Он думал — лежа на мокрой деревянной палубе корабля, который вез его из Дюнкерка, на больничной койке с накрахмаленными простынями, в первой съемной квартире в Ислингтоне, — что это чувство, тупая, неизбывная боль, смягчится, когда он снова ступит в родной дом; в тот самый миг, когда мать обнимет его, зарыдает на плече и скажет, что он вернулся домой и теперь все будет хорошо. Но боль не утихла, и Тому было известно почему. Душевный голод вовсе не был тоской по дому. Том взял этот термин в силу лени, а может, надежды, для обозначения чувства, подозрения, что нечто ключевое утрачено. Но тосковал он не по месту; реальность была много хуже. Том утратил часть себя.
Он знал, где оставил ее. Впервые он испытал это на поле возле канала Эско, когда обернулся и встретился взглядом с другим солдатом, немецким парнем, ружье которого смотрело Тому в спину. Он ощутил панику, прилив жара, а после ему стало вдруг легче.

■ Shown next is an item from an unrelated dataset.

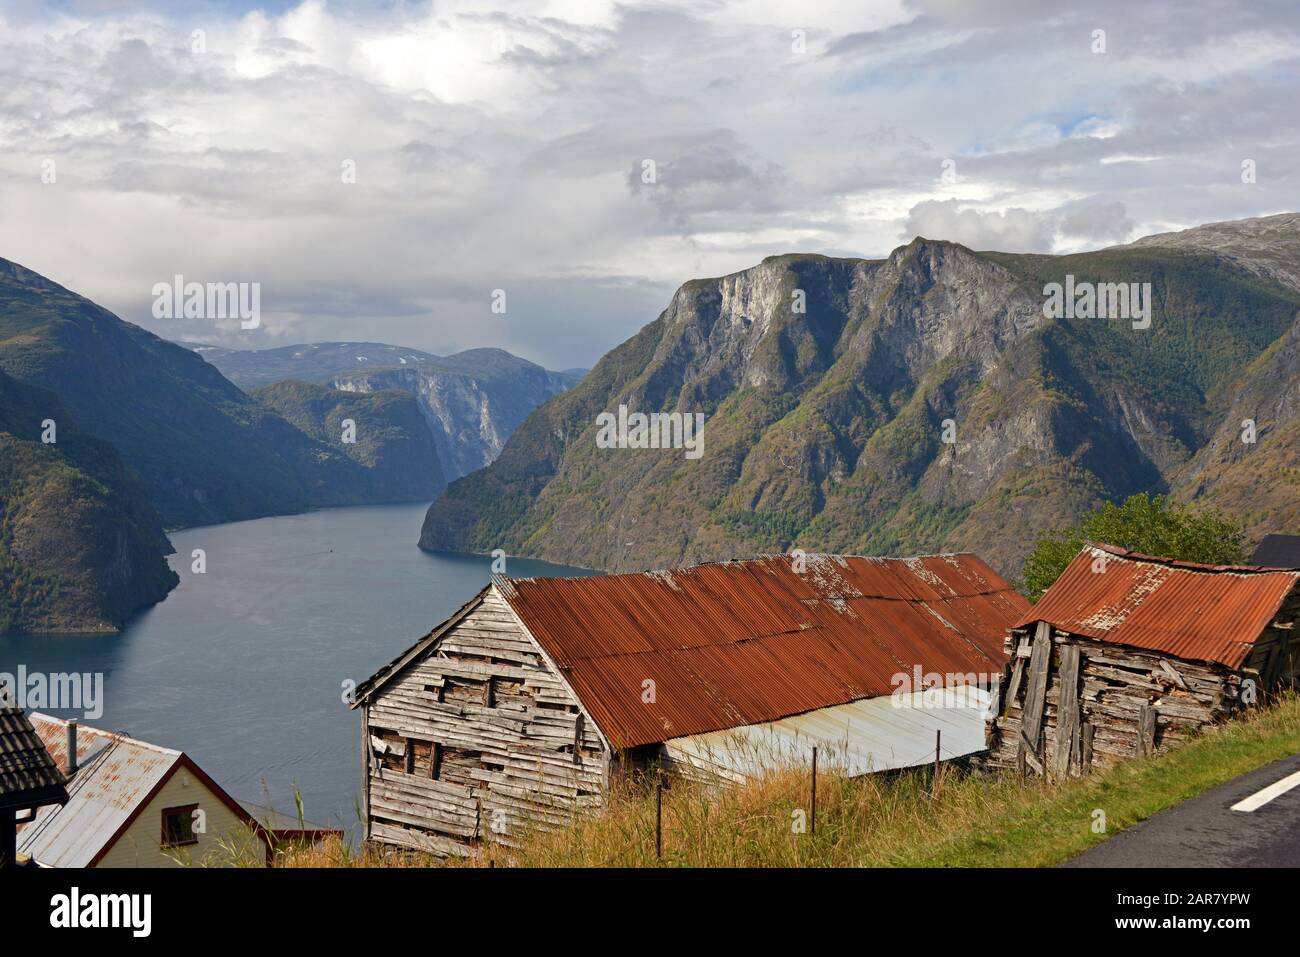 HOUSES OVERLOOKING THE AURLANDSFJORDEN, NORWAY Stock Photo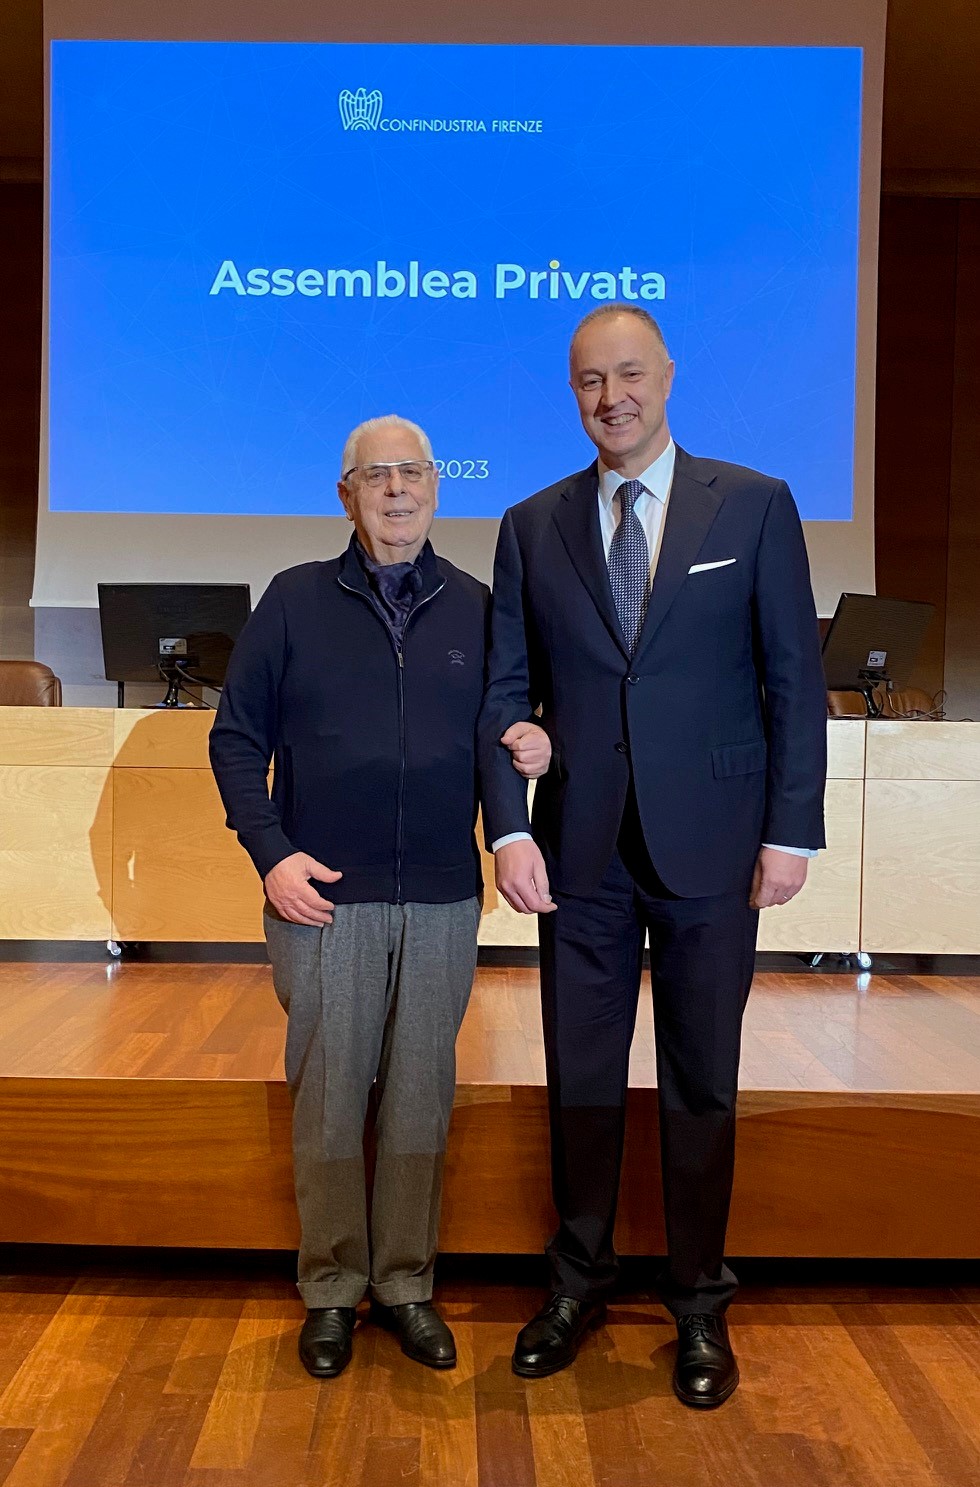 L’assemblea privata ha votato la squadra dei vice presidenti per il biennio e dato al presidente Bigazzi il mandato per l’integrazione con Livorno Massa Carrara

Та его часть, которая чувствовала и боялась, отлепилась, как листок папиросной бумаги из отцовской жестянки, и, порхая, опустилась на землю, упокоившись на том поле боя. Оставшаяся часть, твердая сердцевина по имени Том, опустила голову и побежала, ни о чем не думая, ничего не испытывая, ничего не слыша, кроме хриплого дыхания, своего собственного.
Это разделение, смещение, сделало его лучшим солдатом, но взамен он стал ущербным человеком. Вот почему он больше не жил дома. Теперь он смотрел на вещи и людей словно через закопченное стекло. Он видел их, но неясно, и определенно не мог их коснуться. В больнице врач объяснил ему происходящее, говорил, что встречал других ребят, которые жаловались на то же самое. Все это было утешительно, но ничуть не уменьшило ужаса мгновения, когда мама Тома улыбнулась ему, как улыбалась в детстве, и попросила снять носки, чтобы она могла их заштопать, а он ощутил одну лишь пустоту. Когда он пил из старой папиной чашки; когда его братишка Джоуи — уже взрослый мужчина, но все равно его братишка Джоуи — закричал от радости и бросился к нему неуклюжим галопом, прижимая к груди потрепанный экземпляр «Черного Красавчика»;[50] когда приехали его сестры и загомонили, как он похудел и как они объединят свои пайки и откормят его. Том ничего не чувствовал, и оттого ему хотелось…
— Мистер Кэвилл!
Так звали его отца, и сердце Тома пропустило удар. На одно невероятное мгновение у него ноги подкосились от облегчения, ведь это значило, что отец жив и здоров и все еще можно исправить. Что когда в последние недели ему мерещился старик, который шел навстречу по лондонским улицам, махал с той стороны поля боя, протягивал руку на переправе через Ла-Манш, он вовсе не бредил. То есть бредил, но чудилось ему совсем другое: этот мир, вместилище бомб и пуль; ружье в руках: переправы на дырявом корабле через темный вероломный Ла-Манш; долгие месяцы в больницах, где чрезмерная чистота маскировала запах крови; мертвые дети на опаленных взрывами дорогах; все это было кошмарным плодом воображения. С внезапной головокружительной, мальчишеской радостью он осознал, что в реальном мире все хорошо, ведь его отец еще жив. Ну конечно жив, раз его кто-то зовет!